22,000 agreed to 1,000 hours of this. Or worse.
Nikki Bidgood / Getty ImagesOh, nobody reads them. Ever.
We're too keen to get the app, get the Wi-Fi that we're not going to read the legalistic screed. We just hope it will never be relevant to us.
UK Wi-Fi provider Purple decided to experiment with people's wholesale acceptance of terms and conditions. It inserted a community service clause into all the legal mumbo and jumbo attached to its hotspot terms.
It read: "The user may be be required, at Purple's discretion, to carry out 1,000 hours of community service."
What sort of community service? Well, some of the possibilities were: cleansing local parks of animal waste, providing hugs to stray cats and dogs and manually relieving sewer blockages. Yes, manually.
Then there was: cleaning portable lavatories at local festivals and events, painting snail shells to brighten up their existence and scraping chewing gum off the streets.
Actually, the snail-painting sound entertaining. I don't know about 1,000 hours of it, though.
Still, Purple says that 22,000 people happily agreed to its terms and conditions and left themselves open to send their hands where those hands would prefer not to go.
"Our experiment shows it's all too easy to tick a box and consent to something unfair," Gavin Wheedon, Purple's CEO, said in a press release on Thursday.
There is, of course, one important question here. How many people did notice the onerous community service clause and objected to Purple? Or, at least, refused to sign up for its service.
"Just one person noticed," a Purple spokesman told me.
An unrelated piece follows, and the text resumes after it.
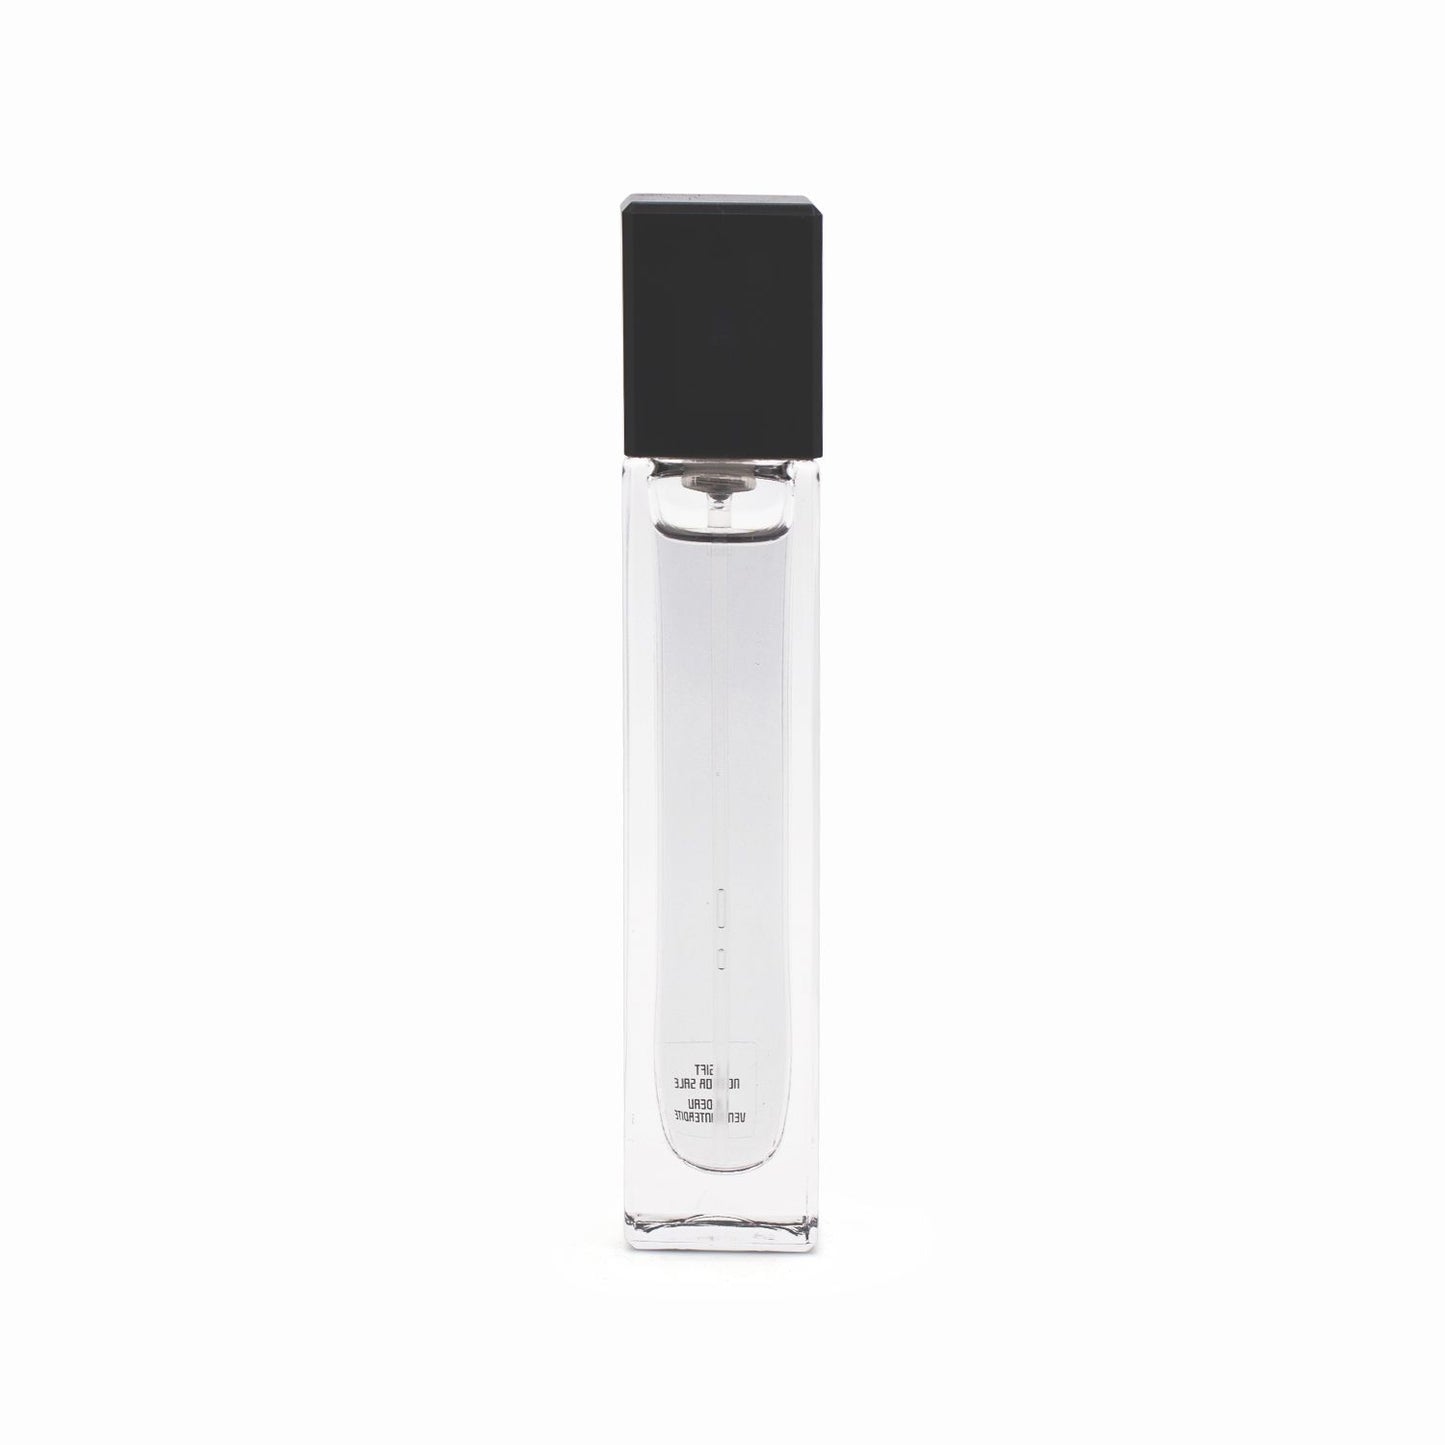 Serge Lutens Collection Poivre Noir Eau De Parfum 10ml - Imperfect Box

I'd very much like to meet that person.
The purpose of this experiment was Purple crowing that it's already compliant with the EU's General Data Protection Regulation, which comes into force next year.
Purple says that the new regulation's insistence on "unambiguous consent" before personal information can be used for marketing purposes should be immediately implemented.
Oh, but will we even bother to wade through the details? I fancy that we'll waive our rights, just so that we can download a fascinating new toenail-comparison app more quickly.